Le cerisier du Japon, un arbre mythique
Le Japon est un pays où les symboles sont nombreux. Et le cerisier du Japon tient une bonne place. En effet, il est devenu, peu à peu, aussi célèbre que le Mont Fuji, les sushis ou encore les chambres d’hôtel de la taille d’un lit. Cependant, la récente popularité du cerisier du Japon ne tient pas uniquement à sa beauté légendaire dans le paysage nippon. Mais avant d’aborder cela, penchons nous sur cet arbre.
La variété principale du cerisier du Japon est nommée scientifiquement Prunus serrulata. Les japonais les nomment aussi sakura. Il pousse naturellement dans le pays depuis des millénaires (mais aussi en Chine et dans la péninsule coréenne). Sa célébrité lui vient notamment de sa période de floraison, courte (environ deux semaines) et très attendue. Le cerisier atteint ce que l’on nomme le “pic de floraison” lorsque les températures deviennent agréables au printemps : soit normalement entre avril et mai. Mais depuis quelques décennies, comme nous le verrons dans la suite, la hausse des températures au Japon a bouleversé la floraison du cerisier japonais.

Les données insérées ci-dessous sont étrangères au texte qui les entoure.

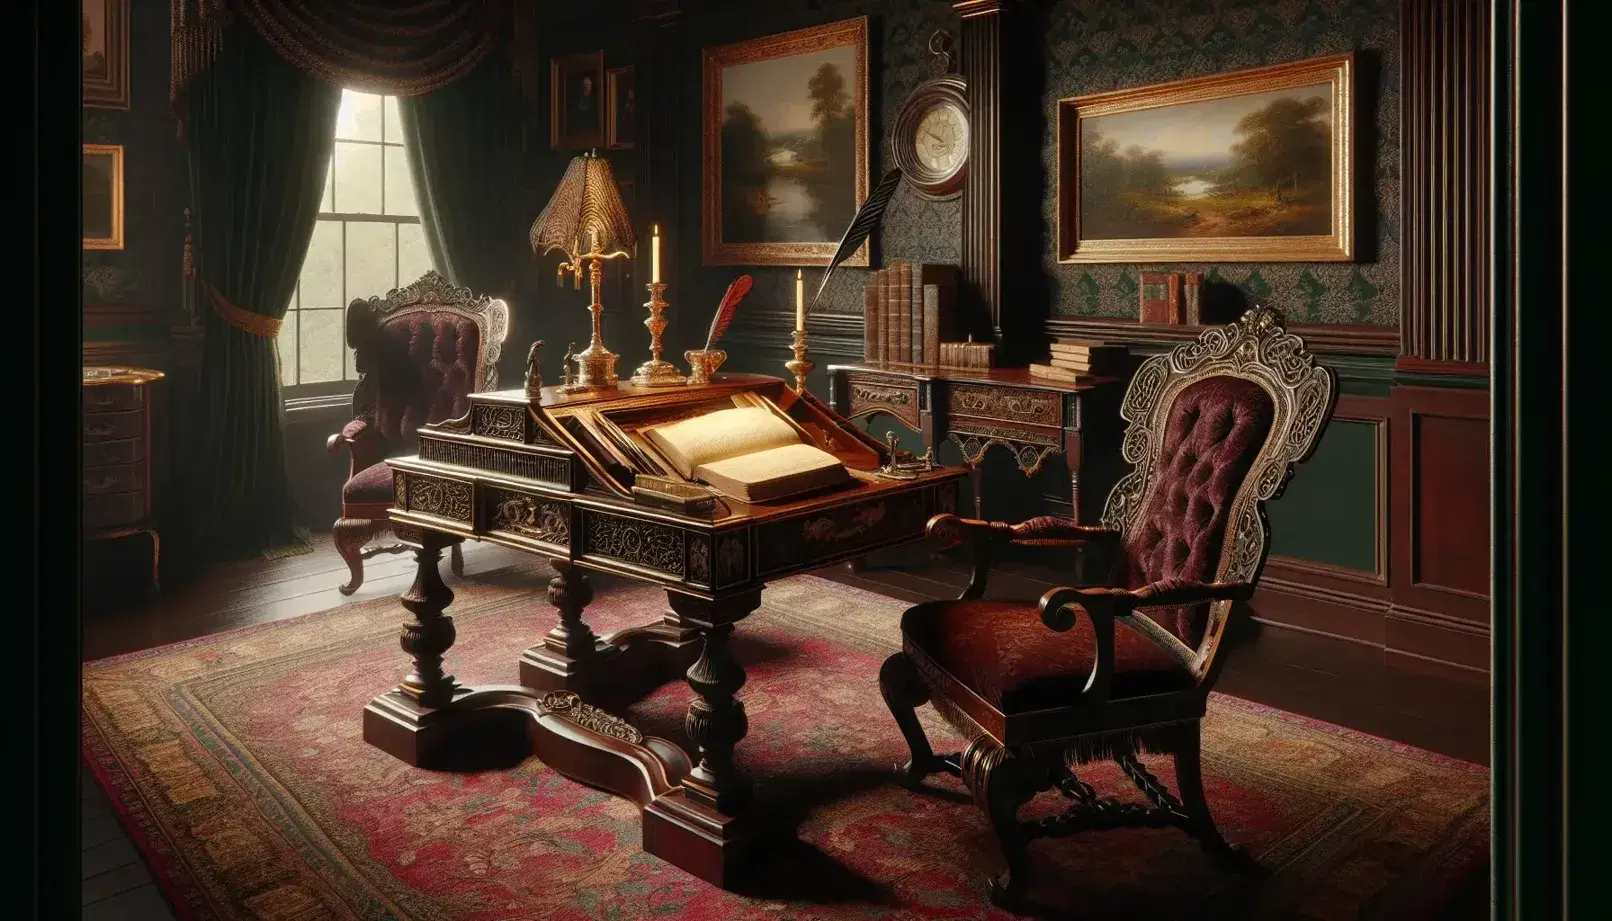 Late 19th-century Gilded Age drawing room with ornate wooden desk, red upholstered chairs, open book with quill, and gold pocket watch.

Tout une tradition entoure cette période. Elle remonterait au VIIIème siècle. Ainsi, c’est depuis cette époque que se tiendrait le hanami. On peut traduire cela par “regarder les fleurs”. Il s’agit d’une fête où l’on se retrouve sous les fleurs naissantes, pour manger et boire, notamment du saké. Fête aristocratique à l’origine, c’est devenu un évènement populaire au fil des siècles. Et c’est un rendez-vous incontournable encore de nos jours.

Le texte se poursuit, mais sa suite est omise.